Gubernur Riau Abdul Wahid tiba di KPK pascaterjaring OTT.(Dok. Antara)
KOMISI Pemberantasan Korupsi (KPK) kembali melakukan operasi tangkap tangan (OTT) terhadap kepala daerah. Kali ini, giliran Gubernur Riau Abdul Wahid yang diamankan lembaga antirasuah dalam operasi khusus pada Senin (3/11).
Tertangkapnya sang gubernur menambah panjang daftar kasus korupsi di Provinsi Riau yang selama ini dikenal sebagai salah satu wilayah dengan tingkat korupsi tertinggi di Indonesia. Kabar OTT Gubernur Riau tersebut sontak viral di media sosial dan memicu gelombang kritik terhadap buruknya tata kelola pemerintahan daerah.
Indonesia Corruption Watch (ICW) telah menempatkan Riau di posisi pertama sebagai provinsi terkorup di Indonesia. Temuan itu tertuang dalam laporan bertajuk ‘Hasil Pemantauan Tren Korupsi Tahun 2024’ yang dirilis pada Agustus 2025.
“Tiga provinsi terkorup di Indonesia pada tahun 2024 adalah Riau, Nusa Tenggara Timur (NTT), dan Aceh,” ujar Zararah Azhim, Staf Divisi Hukum dan Investigasi ICW dalam keterangannya Rabu (5/11).
Menurut Zararah, sepanjang 2024, jumlah kasus korupsi di Riau mencapai 35 kasus dengan total kerugian negara Rp266,2 miliar. Dari puluhan kasus itu, aparat penegak hukum telah menetapkan 76 tersangka.
“Riau menempati posisi pertama baik dari jumlah kasus maupun jumlah tersangka. Ini menggambarkan bahwa korupsi di tingkat daerah, khususnya di Riau, sudah sangat sistemik dan meluas,” tegas Zararah.
Kasus Menjamur di Seluruh Daerah
ICW mencatat kasus korupsi di Riau tersebar di seluruh kabupaten dan kota. Kota Pekanbaru menempati posisi teratas dengan tujuh kasus, disusul Kabupaten Kampar dengan empat kasus.
“Kasus korupsi di Riau tidak hanya terjadi di tingkat provinsi, tetapi juga menyebar ke hampir semua kabupaten dan kota. Ini menunjukkan bahwa masalahnya sudah bersifat struktural,” jelas Zararah.

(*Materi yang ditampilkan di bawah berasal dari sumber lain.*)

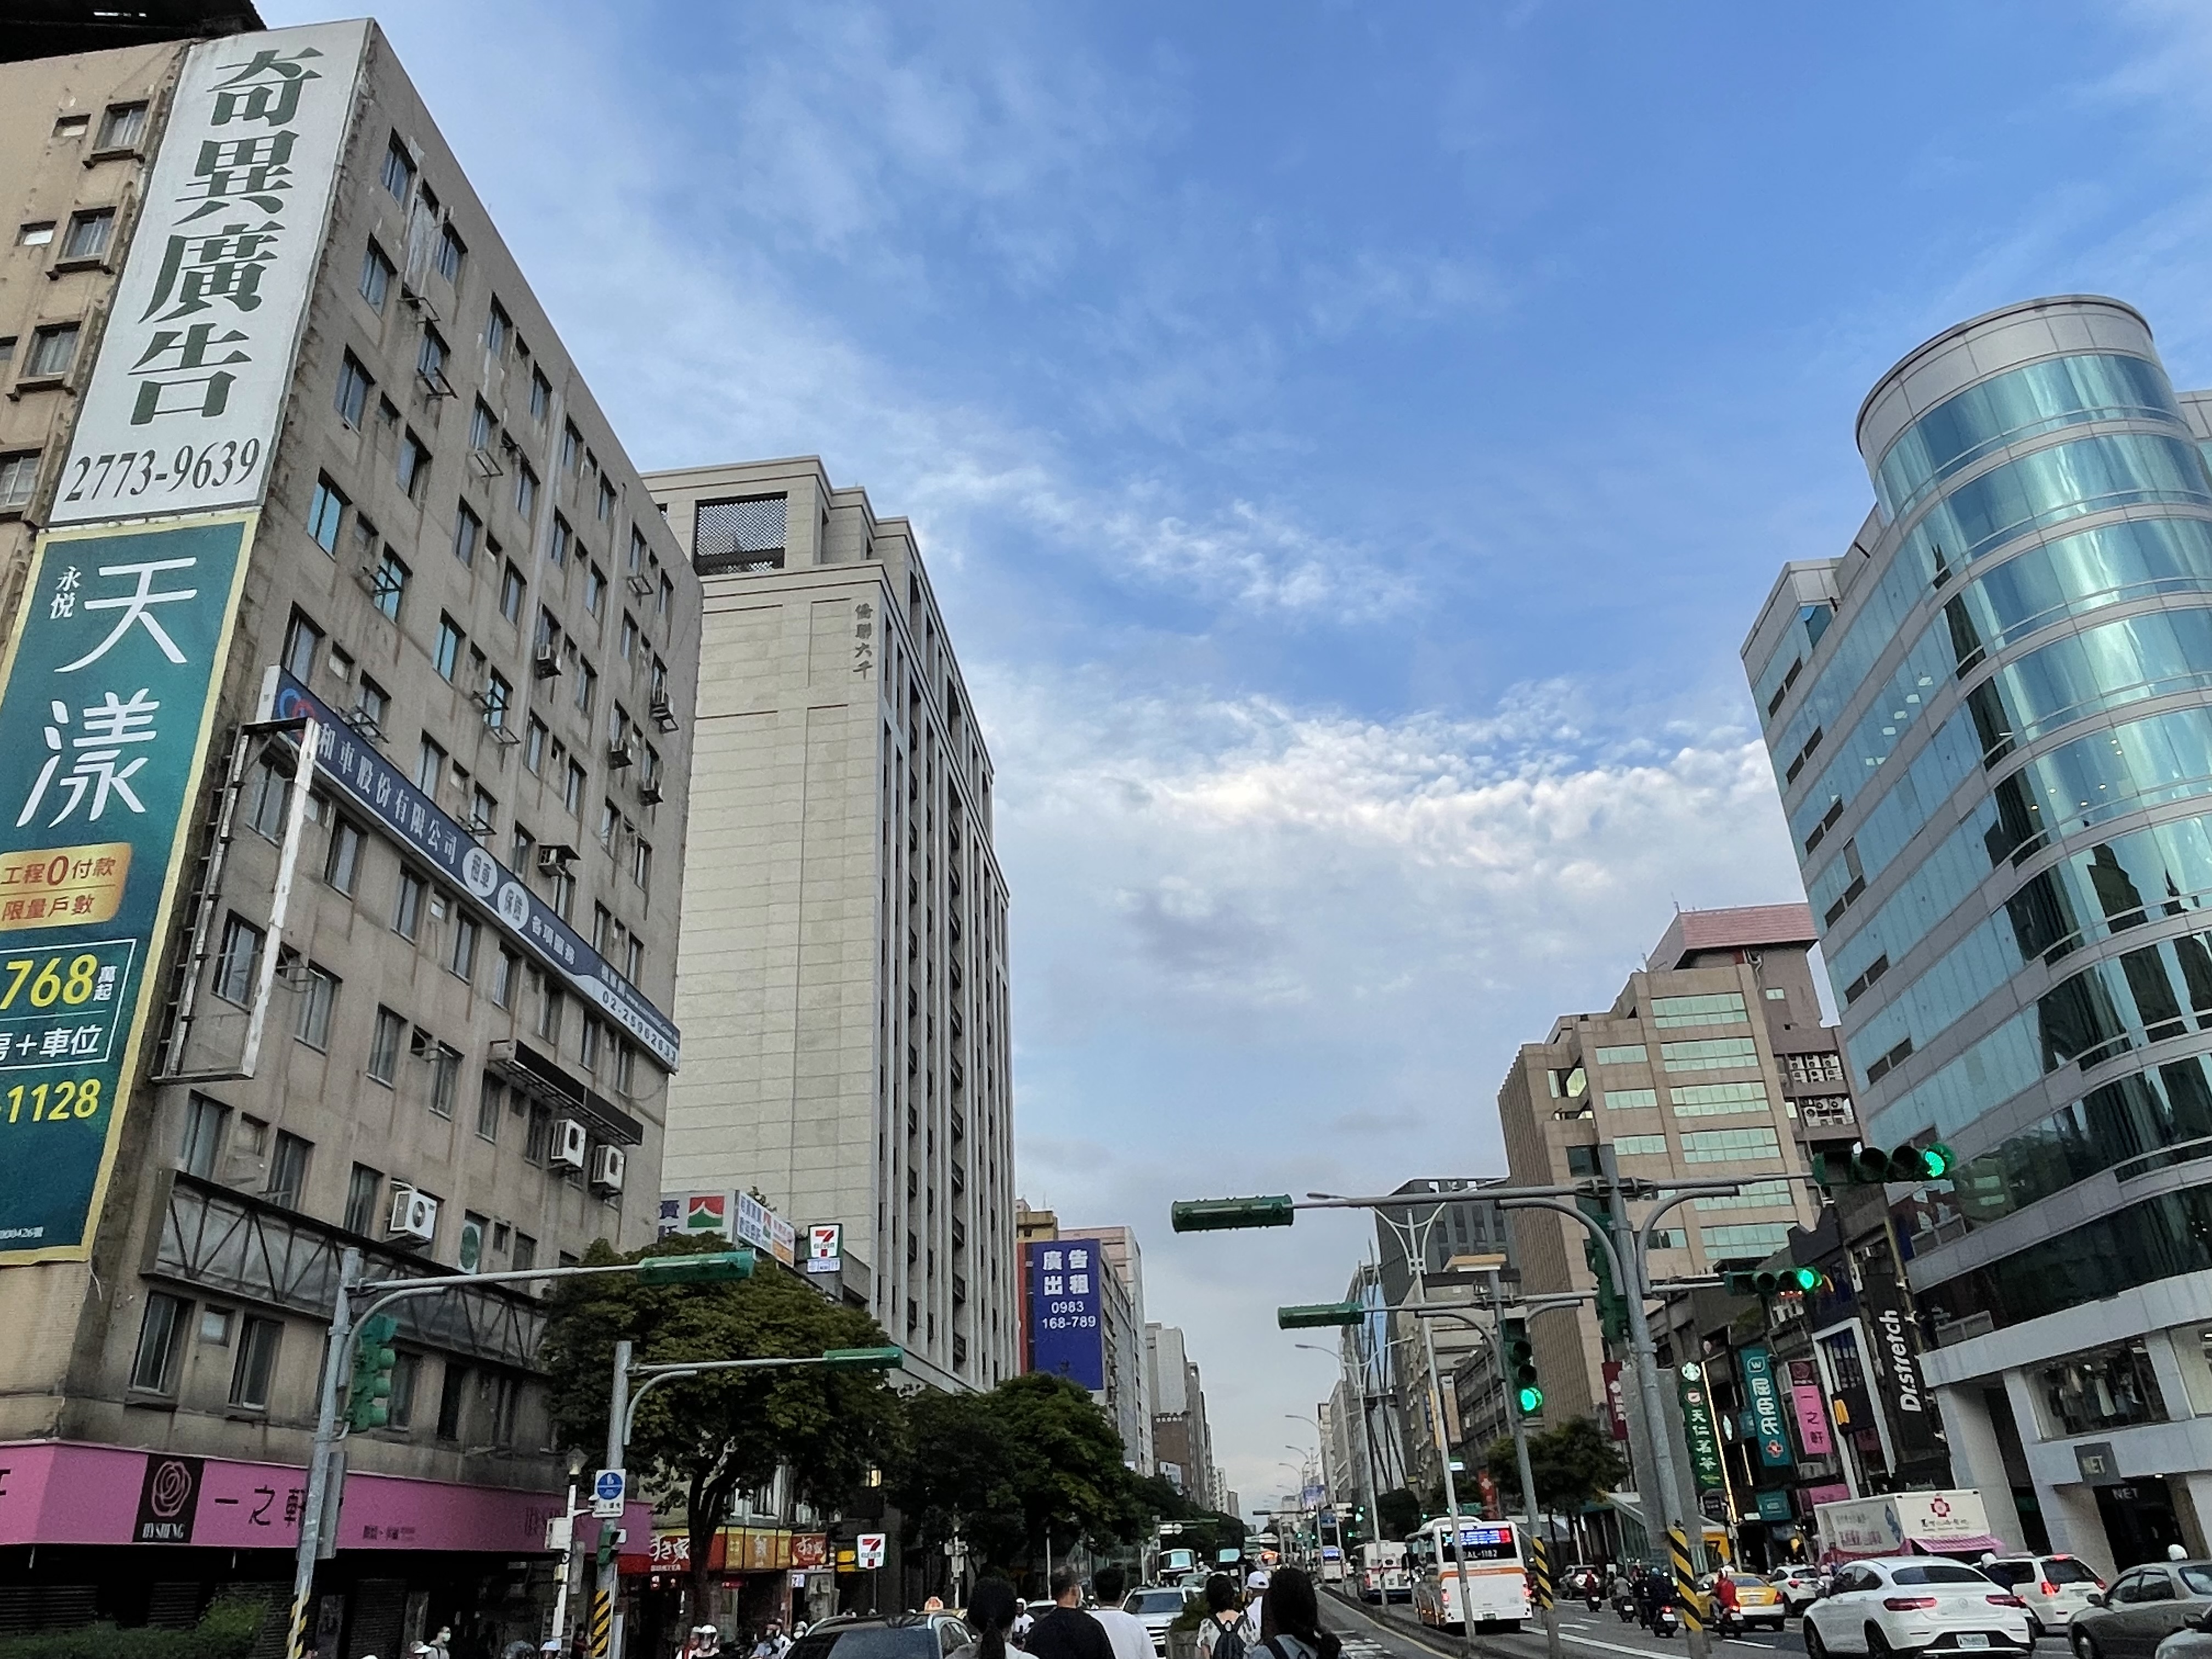 最新实价登录网揭露，台北市中山区吉林路屋龄22年的整栋华厦，今年2月以总价12.8亿元卖出。图为台北市中山区商办街景示意照。台湾房屋提供

Dari sisi sektor, korupsi paling banyak terjadi di pemerintahan desa, dengan delapan kasus yang melibatkan kepala desa dan aparatur setempat. Sektor perbankan menempati posisi kedua dengan lima kasus.

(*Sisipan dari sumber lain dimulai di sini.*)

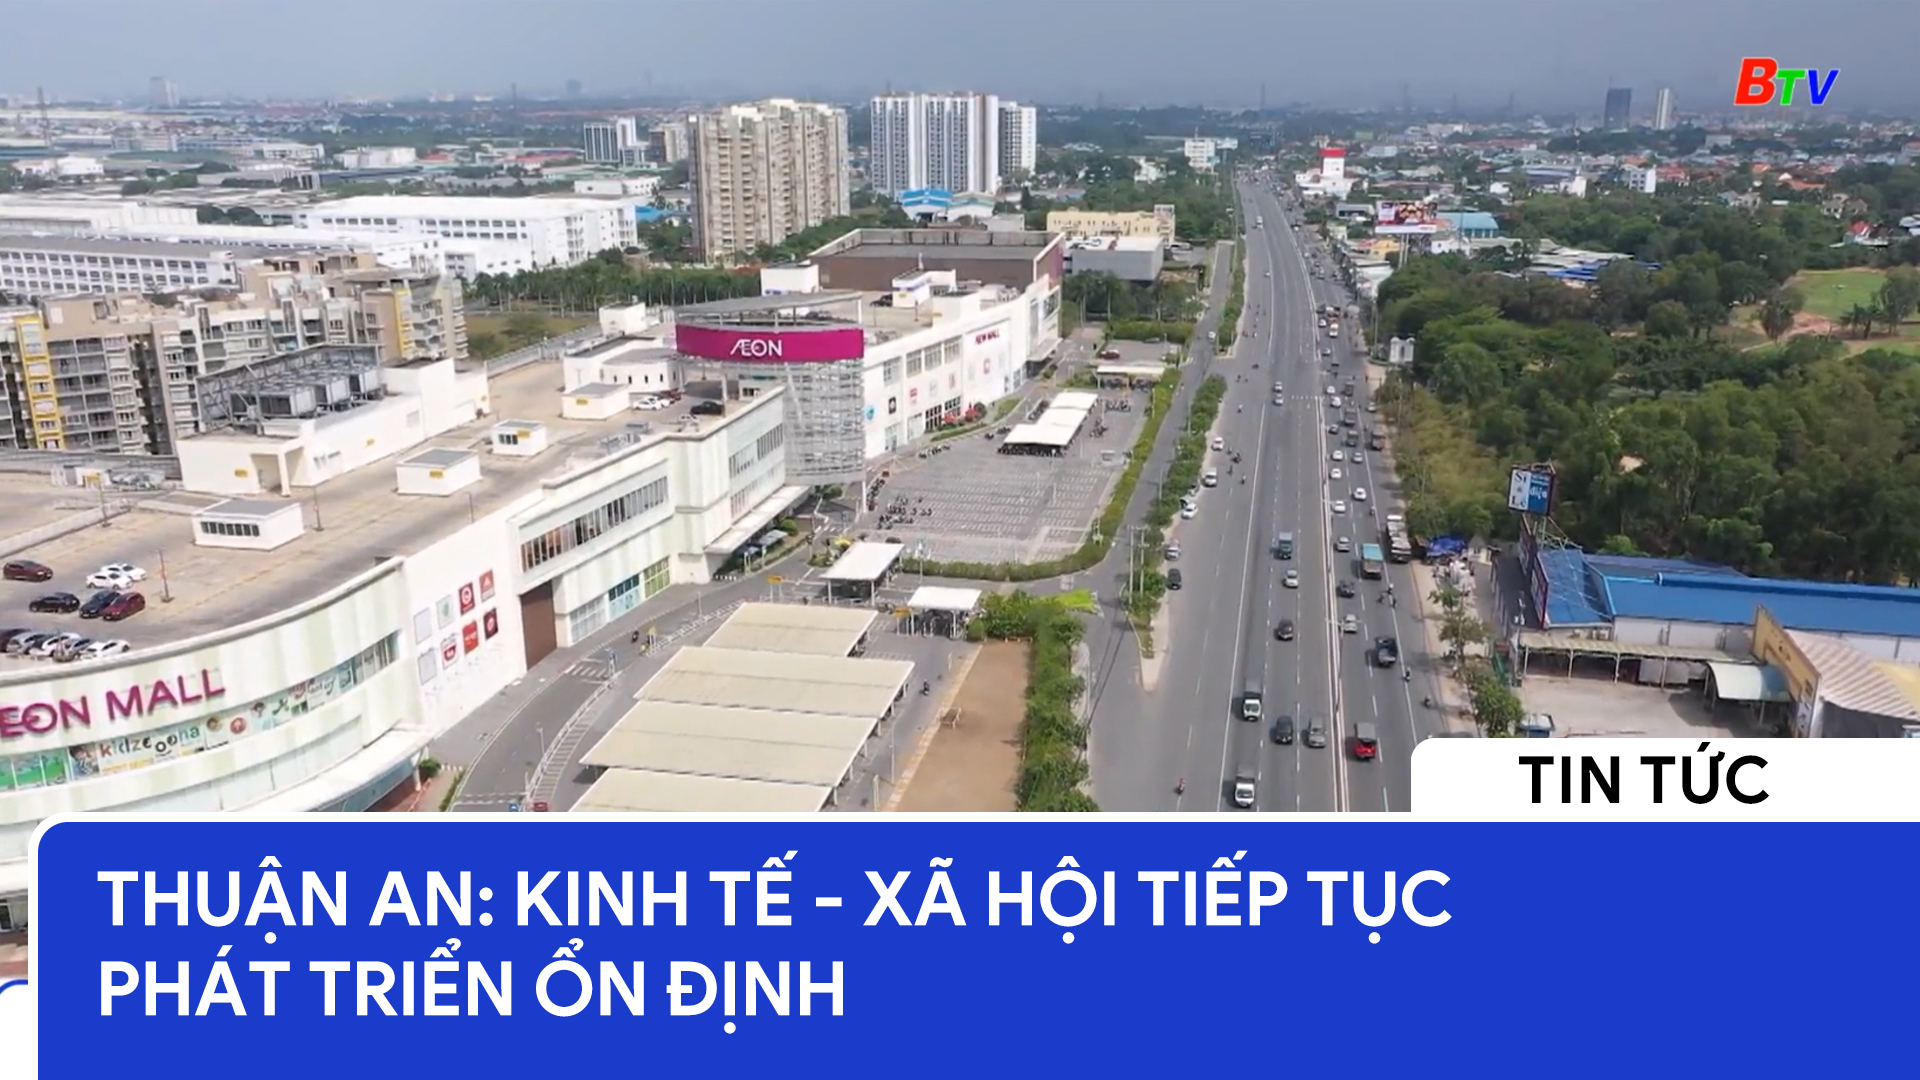 Thuận An: Kinh tế - Xã hội tiếp tục phát triển ổn định

ICW juga menyoroti sejumlah kasus besar yang terjadi di Riau, termasuk kasus perjalanan dinas fiktif di Sekretariat DPRD Riau yang merugikan keuangan negara hingga Rp130 miliar.
“Kasus ini melibatkan sekitar 19 ribu dokumen perjalanan dinas fiktif. Nilainya sangat besar dan menunjukkan lemahnya sistem pengawasan internal di lembaga legislatif daerah,” kata Zararah.

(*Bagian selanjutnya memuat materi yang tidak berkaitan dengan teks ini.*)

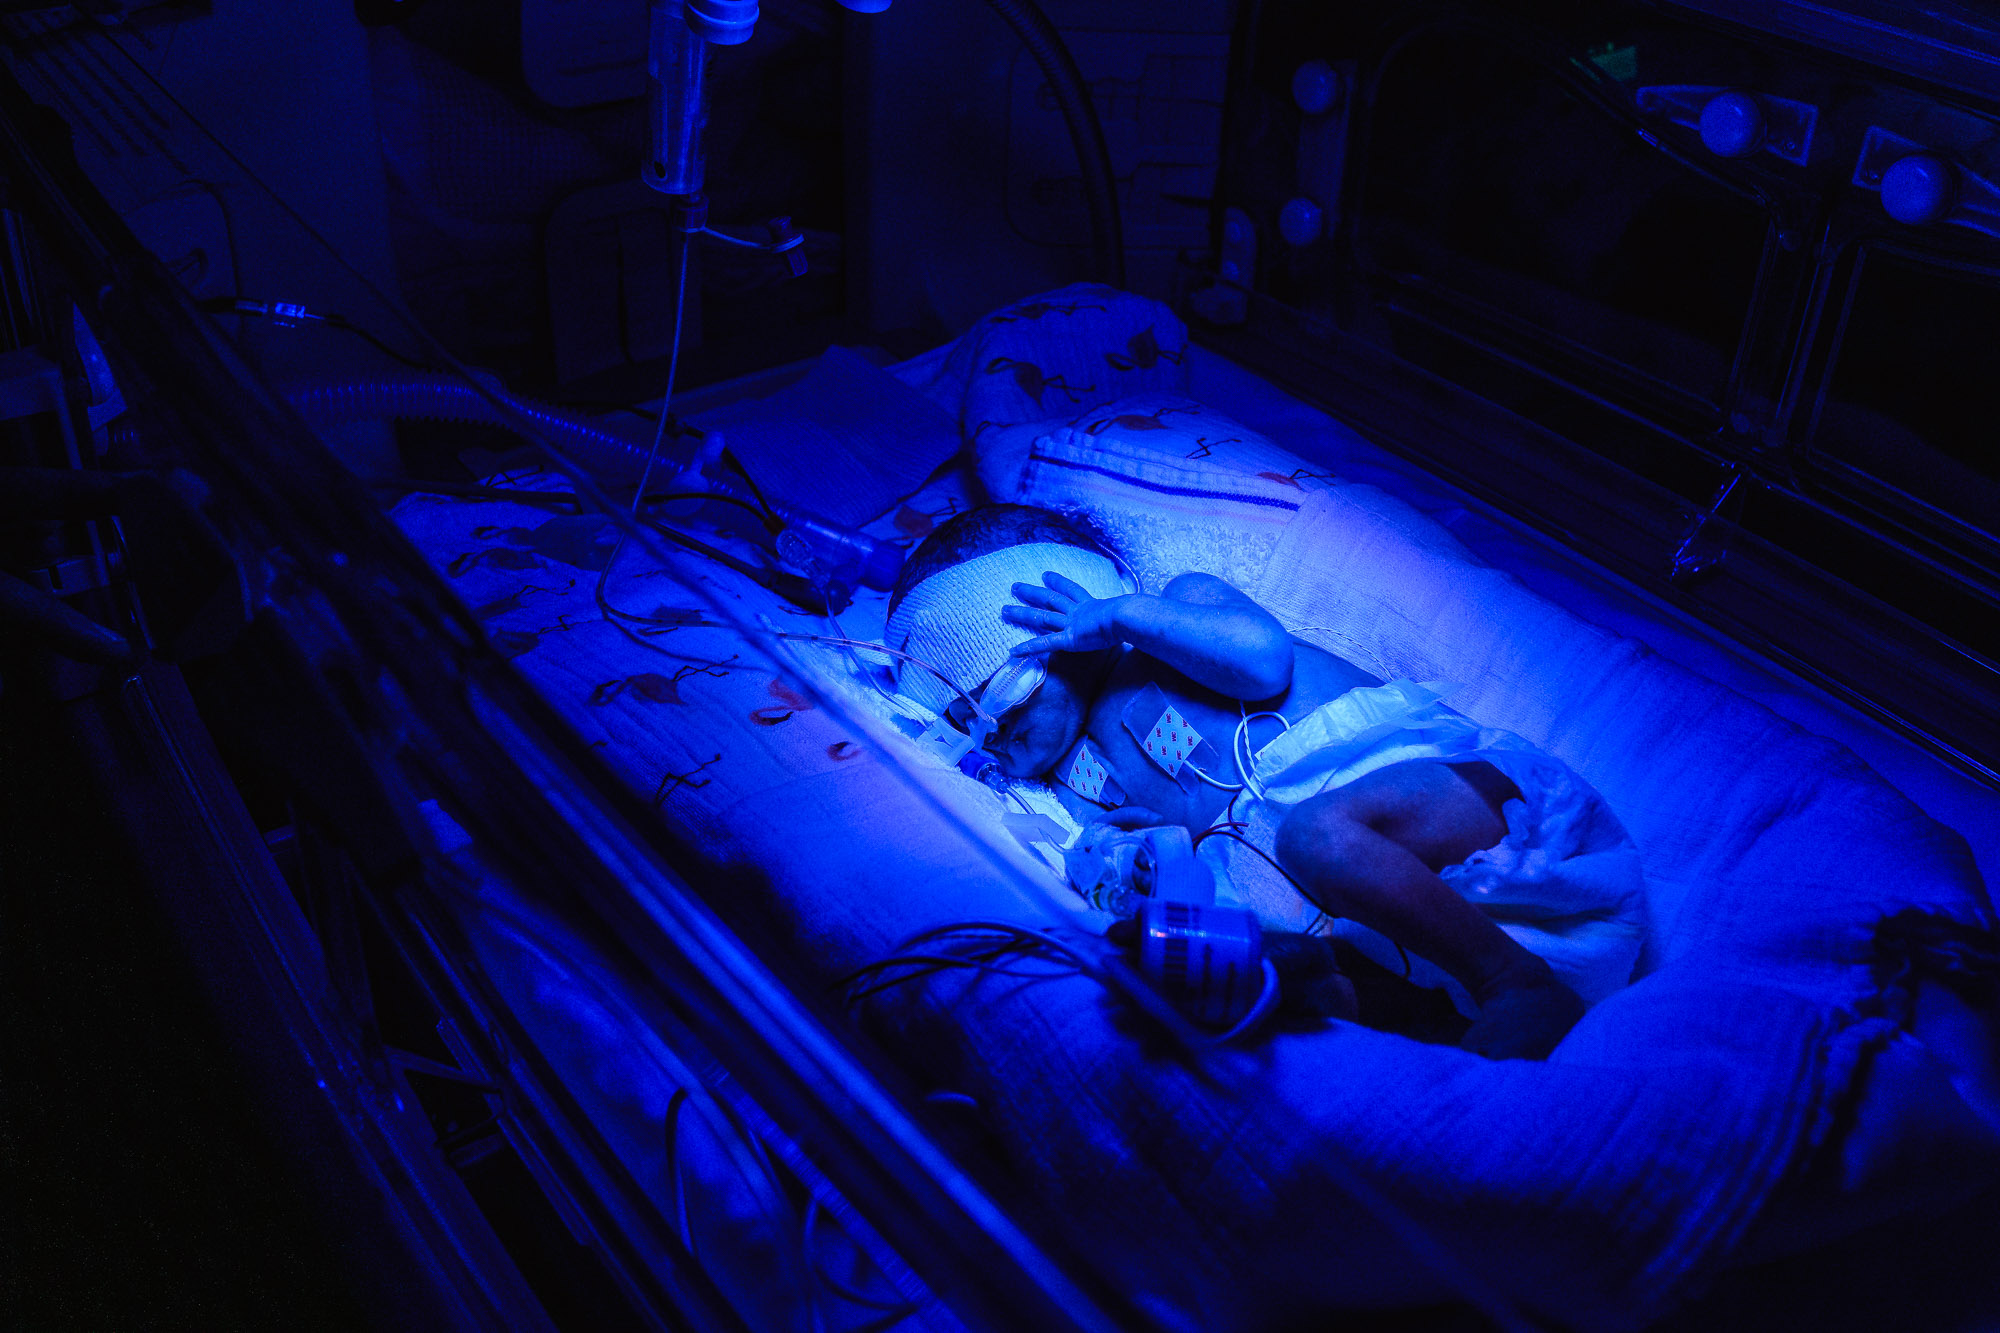 Tijdens de zorg reportage in de NICU, voor de beeldbank van het WKZ, zag ik een premature baby lichttherapie ondergaan.

Selain itu, ICW menemukan berbagai modus korupsi lain, seperti suap senilai Rp215 juta, pungutan liar sebesar Rp7,1 miliar, serta pencucian uang senilai Rp5 miliar.
Zararah menyebut, tingginya angka penindakan kasus korupsi di Riau memang bisa diartikan sebagai indikasi bahwa aparat penegak hukum bekerja aktif.
“Di satu sisi, tingginya angka korupsi di Provinsi Riau dapat dimaknai dengan baiknya kinerja aparat penegak hukum. Namun di sisi lain, ini menandakan bahwa pengelolaan keuangan di sektor pemerintahan daerah masih sangat buruk dan rentan dikorupsi,” ujarnya.
Menurut ICW, maraknya praktik rasuah di Riau dipicu oleh kombinasi faktor struktural dan kultural seperti biaya politik yang tinggi membuat kepala daerah dan DPRD terjebak korup hingga lemahnya pengawasan sistem desentralisasi fiskal.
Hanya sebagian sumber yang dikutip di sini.